The complaint alleges that defendants violated Sections 10(b) and 20(a)
of the Securities Exchange Act of 1934, and Rule 10b-5 promulgated
thereunder, by issuing a series of material misrepresentations to the
market between January 13, 2000 and May 24, 2000, thereby artificially
inflating the price of Company securities. Specifically, the complaint
alleges that defendants repeatedly issued press releases highlighting
the Company's strong revenue growth and industry-high gross margins.

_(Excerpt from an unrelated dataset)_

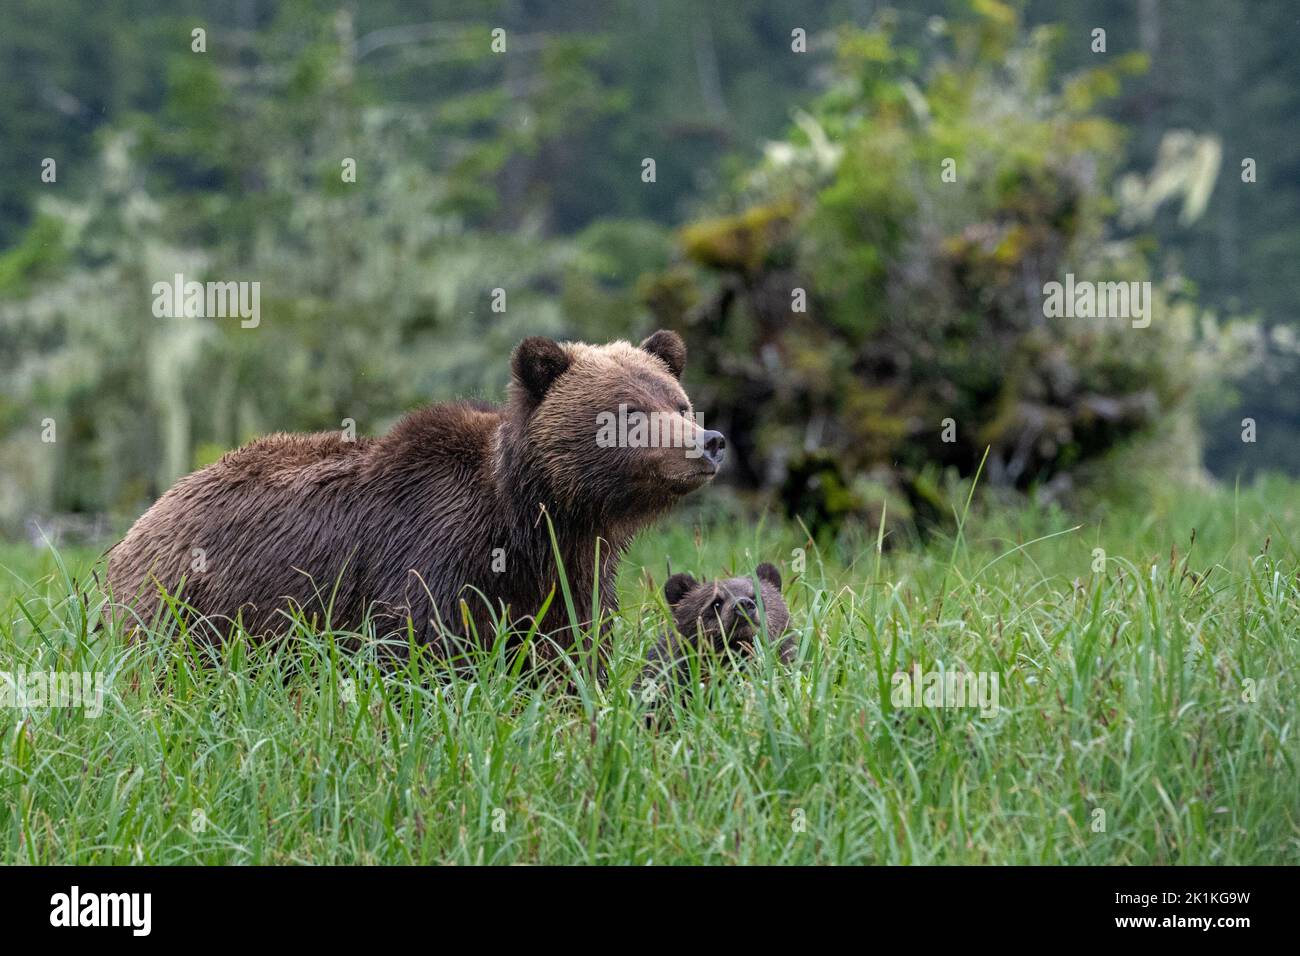 A grizzly bear cub struggles to see over the tall sedge grass as it keeps up with its mother in British Columbia's Great Bear Rainforest. Stock Photo

These statements were materially false and misleading because they
failed to disclose that:

     (i) the Company was experiencing declining demand for its graphics
         chipset products and was decreasing its prices in order to
         stimulate demand;

    (ii) two of the Company's primary competitors, S3 Inc. and
         Neomagic, were flooding the market with cheaper and better
         products, which was rendering the Company's product offerings
         increasingly unattractive;

   (iii) the Company was failing to writedown a material portion of its
         inventory, which was impaired given the current conditions in
         the graphics chipset market. Accordingly, the Company's
         reported operating results were materially overstated; and

    (iv) that defendants' opinions, estimates and projections
         concerning the Company, its business and earnings were
         knowingly lacking in a reasonable basis at all times.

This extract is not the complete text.